In order to provide segregation throughout the clearing ecosystem, segregation requirements are applied at the FCM-, Clearing House-, and depository institution-level. Consistent with CFTC regulations, CME Clearing’s segregation arrangements require that customer positions and funds (e.g., performance bond) are segregated from the positions and funds of their clearing members. Further, customer funds are also segregated from the CME Clearing’s own funds.

Segregation of customer funds and positions for exchange-traded derivatives positions from that of cleared swaps derivatives positions is generally required, unless a CFTC order permits them to be commingled. For markets we clear, positions and funds held by CME are subject to the following segregation regimes for customers:[1]   

  • Customer Segregated Accounts for customers that clear exchange-traded derivatives listed on a CME Group Exchange; and
  • Cleared Swaps Customer Accounts for customers that trade swaps that are cleared by CME Clearing.

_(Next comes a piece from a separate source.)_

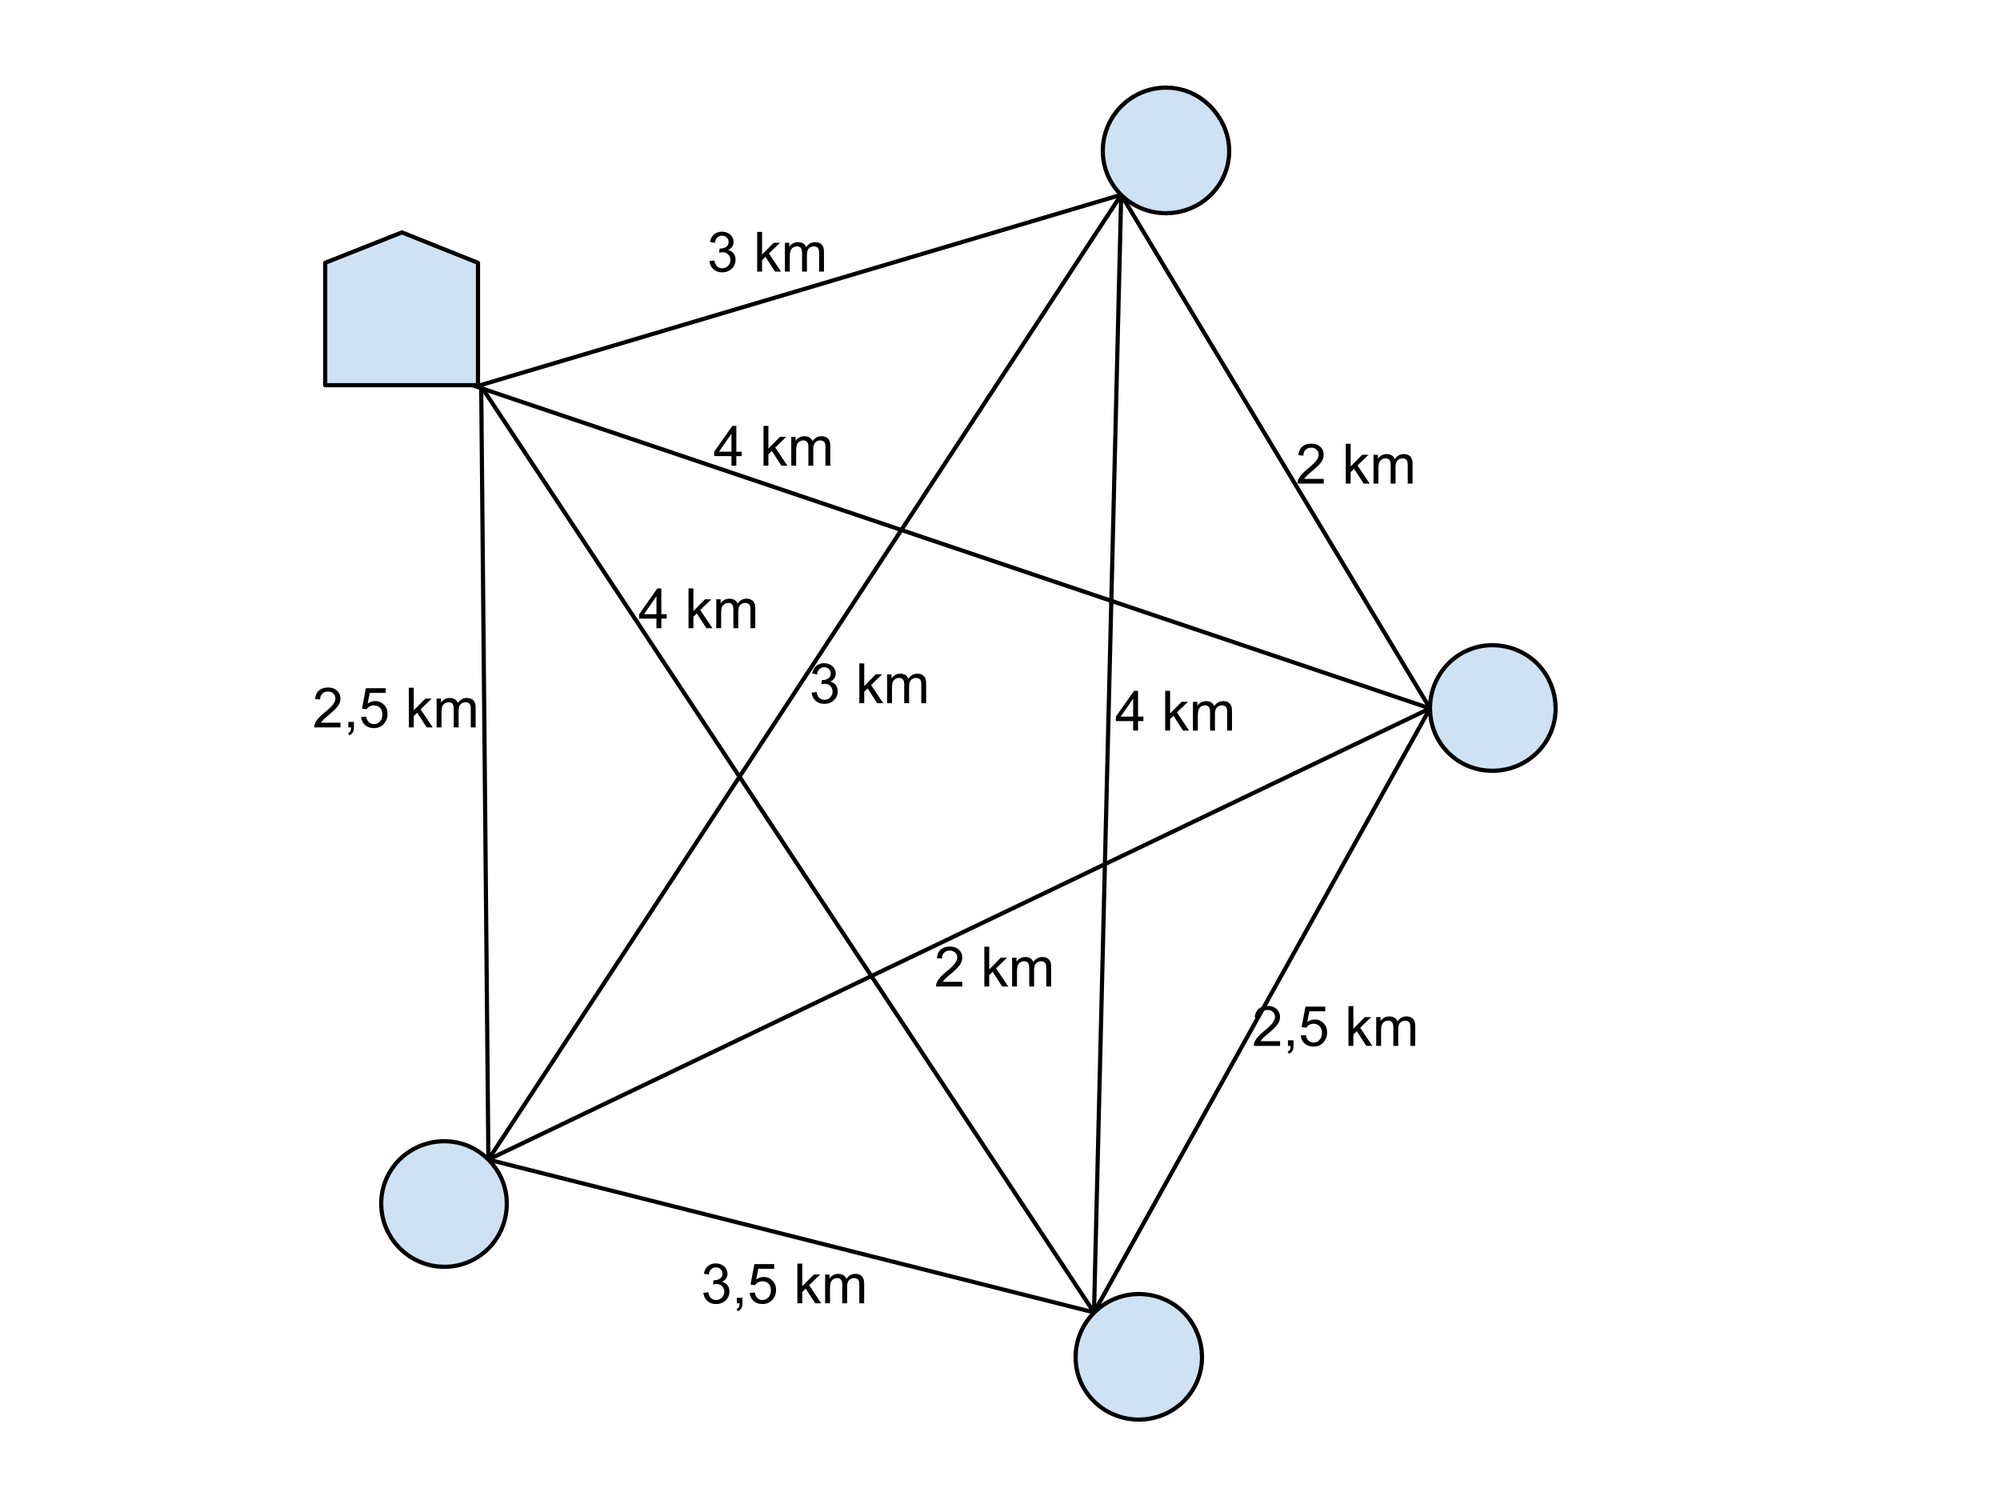 Kreisförmig angeordnete Punkte mit paarweisen Längenangaben

While the standard is for a customer’s exchange-traded derivatives positions and funds to be held separately from its cleared swaps derivative positions and funds, a customer may elect to have these positions and funds commingled – known as “portfolio margining”— subject to a CFTC order permitting such commingling. Where a customer makes this election, exchange-traded derivatives positions and funds that can gain margin efficiencies across account classes through risk offsets  (e.g., exchange-traded interest rates futures in some cases) will be moved from the Customer Segregated Account to the Cleared Swaps Customer Account.

References

  1. Note, an FCM clearing member may also support the clearing of foreign (i.e., non-U.S.) futures for customers in a separate account class – i.e., a Secured 30.7 Account.